-- Opening Marker --

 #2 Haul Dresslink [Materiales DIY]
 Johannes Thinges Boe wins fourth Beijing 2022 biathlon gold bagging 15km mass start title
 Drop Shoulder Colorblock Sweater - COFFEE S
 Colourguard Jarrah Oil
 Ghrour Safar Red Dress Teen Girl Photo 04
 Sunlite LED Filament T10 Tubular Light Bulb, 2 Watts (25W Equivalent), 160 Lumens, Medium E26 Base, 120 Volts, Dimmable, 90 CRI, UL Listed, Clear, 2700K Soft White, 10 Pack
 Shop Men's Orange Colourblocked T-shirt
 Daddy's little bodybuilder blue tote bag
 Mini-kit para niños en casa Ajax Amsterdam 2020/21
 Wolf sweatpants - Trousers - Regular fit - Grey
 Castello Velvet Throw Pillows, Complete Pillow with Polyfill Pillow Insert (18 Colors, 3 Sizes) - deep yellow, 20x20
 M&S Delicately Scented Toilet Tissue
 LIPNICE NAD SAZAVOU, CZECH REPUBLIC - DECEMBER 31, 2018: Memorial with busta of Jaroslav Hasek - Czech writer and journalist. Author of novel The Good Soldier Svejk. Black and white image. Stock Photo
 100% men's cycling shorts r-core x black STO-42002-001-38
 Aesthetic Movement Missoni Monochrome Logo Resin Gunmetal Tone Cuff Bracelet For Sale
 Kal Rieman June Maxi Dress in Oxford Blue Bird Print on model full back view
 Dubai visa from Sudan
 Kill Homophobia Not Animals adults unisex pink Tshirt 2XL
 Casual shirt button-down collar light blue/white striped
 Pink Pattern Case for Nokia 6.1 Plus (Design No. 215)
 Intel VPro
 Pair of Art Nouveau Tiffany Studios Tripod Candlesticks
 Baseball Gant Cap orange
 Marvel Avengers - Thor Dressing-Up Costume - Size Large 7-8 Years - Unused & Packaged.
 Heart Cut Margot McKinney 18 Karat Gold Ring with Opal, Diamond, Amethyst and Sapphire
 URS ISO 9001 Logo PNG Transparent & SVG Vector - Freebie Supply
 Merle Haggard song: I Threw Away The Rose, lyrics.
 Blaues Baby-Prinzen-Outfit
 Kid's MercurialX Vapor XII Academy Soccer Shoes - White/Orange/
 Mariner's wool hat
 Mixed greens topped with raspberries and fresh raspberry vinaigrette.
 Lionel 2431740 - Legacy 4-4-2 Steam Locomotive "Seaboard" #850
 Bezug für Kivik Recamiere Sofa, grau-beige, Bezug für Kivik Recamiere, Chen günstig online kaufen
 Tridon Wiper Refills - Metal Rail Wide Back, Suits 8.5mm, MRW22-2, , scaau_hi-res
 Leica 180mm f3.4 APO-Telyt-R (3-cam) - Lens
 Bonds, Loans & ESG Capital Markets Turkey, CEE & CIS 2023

-- Closing Marker --

*Assignment*: Exactly one number is the expected answer: the count of lines in the entries where the word "with" is found.

*Answer space*: 4